Farmaci per l’emicrania
I triptani non sono tutti uguali: in Italia, come ho spiegato nell’articolo T come TRIPTANI per l’emicrania, sono in commercio 6 diverse tipologie di triptani (compresse, iniezioni, supposte e spray nasale); alcuni sono più rapidi nel bloccare il dolore, altri sono più lenti nel bloccare il dolore, ma il loro effetto analgesico perdura più a lungo.

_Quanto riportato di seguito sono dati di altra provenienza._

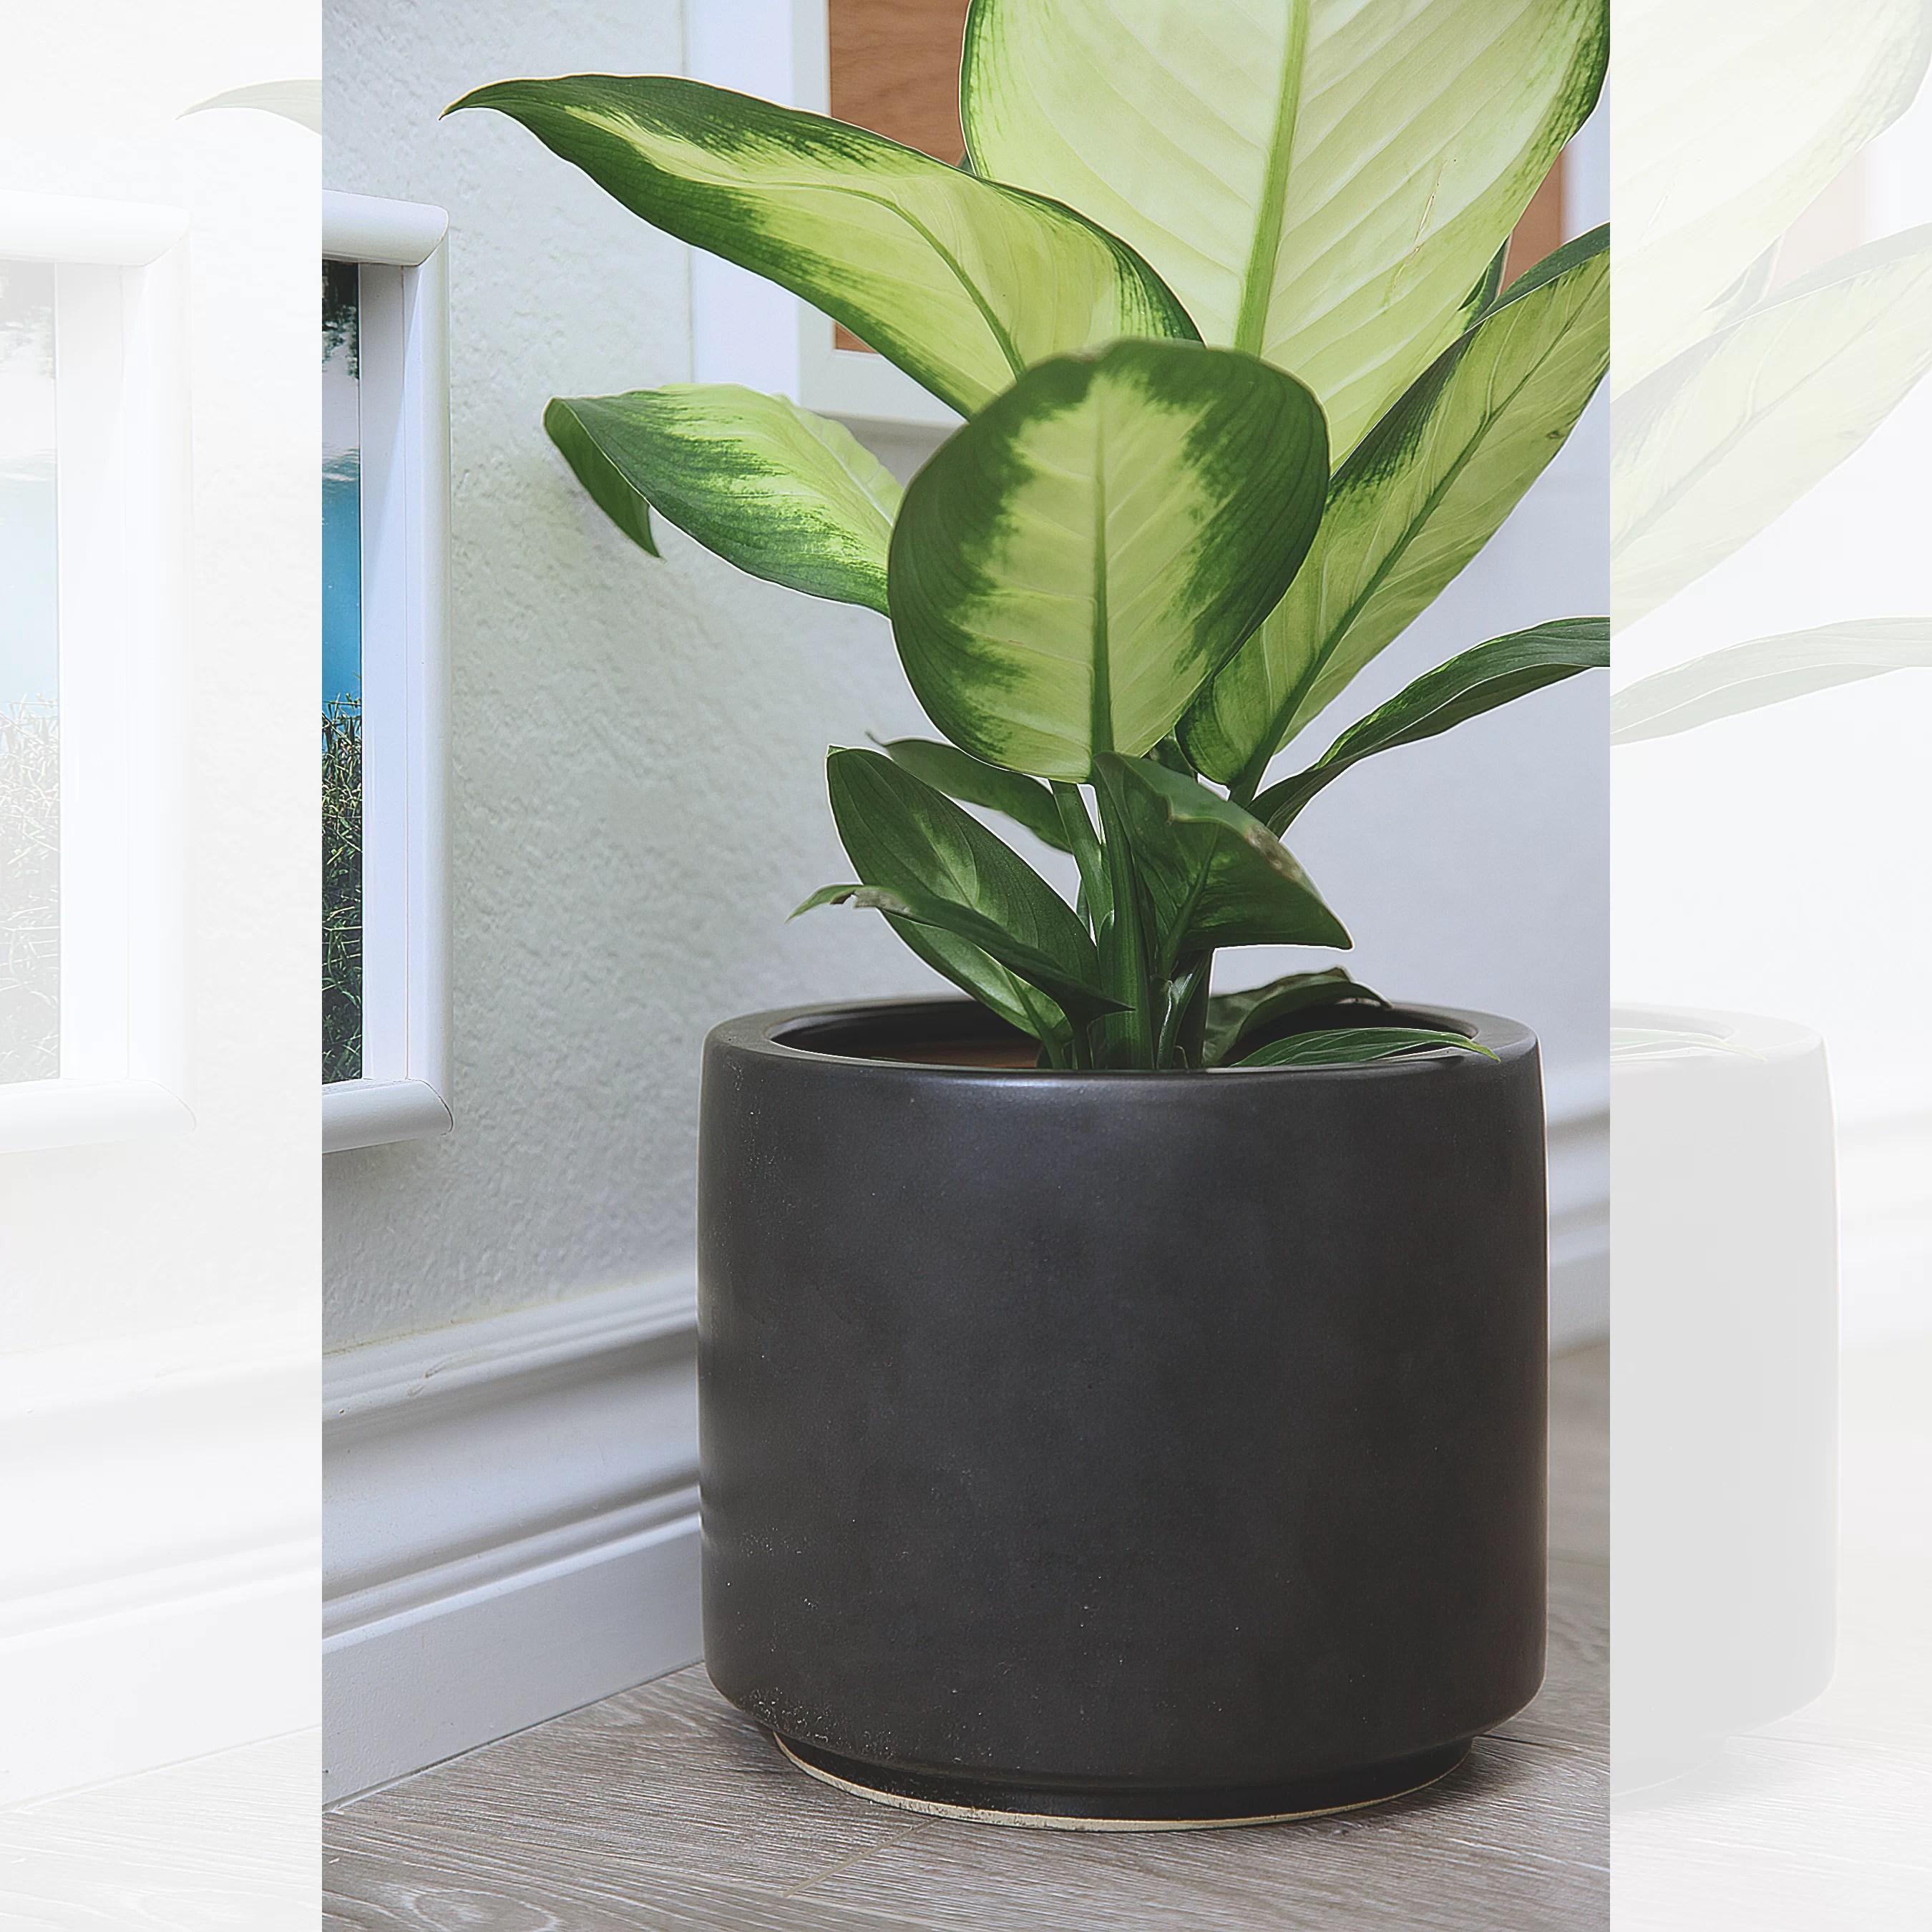 wayfair black planters you ll love in

Se un tipo di triptano non funziona, non significa che tutti gli altri saranno inefficaci: sempre dopo aver consultato lo/la specialista che vi segue, provate un triptano con un principio attivo differente (per almeno 3 attacchi) e con una diversa formulazione da quello precedente.

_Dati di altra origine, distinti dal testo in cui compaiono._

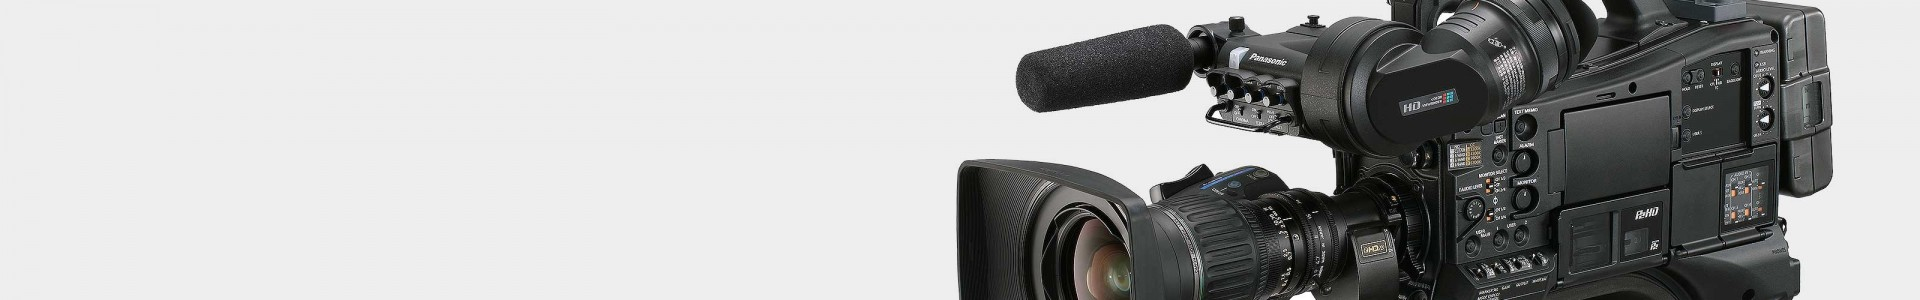 All Panasonic professional video cameras - Avacab

I triptani dovrebbero essere assunti seguendo queste regole:
– una compressa all’inizio del dolore: i triptani non sono né analgesici, né antinfiammatori, ma agiscono sul meccanismo che è alla base del rilascio delle molecole che scatenano l’infiammazione tipica dell’emicrania; se quelle molecole sono già state rilasciate, il farmaco non sarà in grado di bloccarle;
– dopo due ore, se il dolore non è passato, si può prendere una seconda compressa: qualsiasi farmaco assunto per bocca può avere una latenza di efficacia fino a 120 minuti ed è per questo motivo che assumere una seconda compressa prima di dure ore potrebbe essere inutile;
– massimo due compresse in 24 ore, massimo tre compresse in 48 ore e massimo dieci compresse in un mese: questa indicazione è fondamentale per evitare che si inneschi la cefalea da abuso di farmaci.
In generale, i triptani hanno un’emivita (la durata del farmaco nel sangue) di poche ore; se il dolore non passa dopo 120 minuti oppure il triptano ne riduce soltanto l’intensità, o addirittura il dolore peggiora, è difficile che una nuova assunzione del farmaco possa essere efficace. Quindi, il suggerimento è di prendere antinfiammatori (da soli o associati al paracetamolo), cortisone e antinausea possibilmente non per bocca, ma per via sublinguale, intramuscolo o in supposte (mi raccomando, sempre sotto stretto controllo dello/a specialista o del medico di famiglia, vietato il fai da te).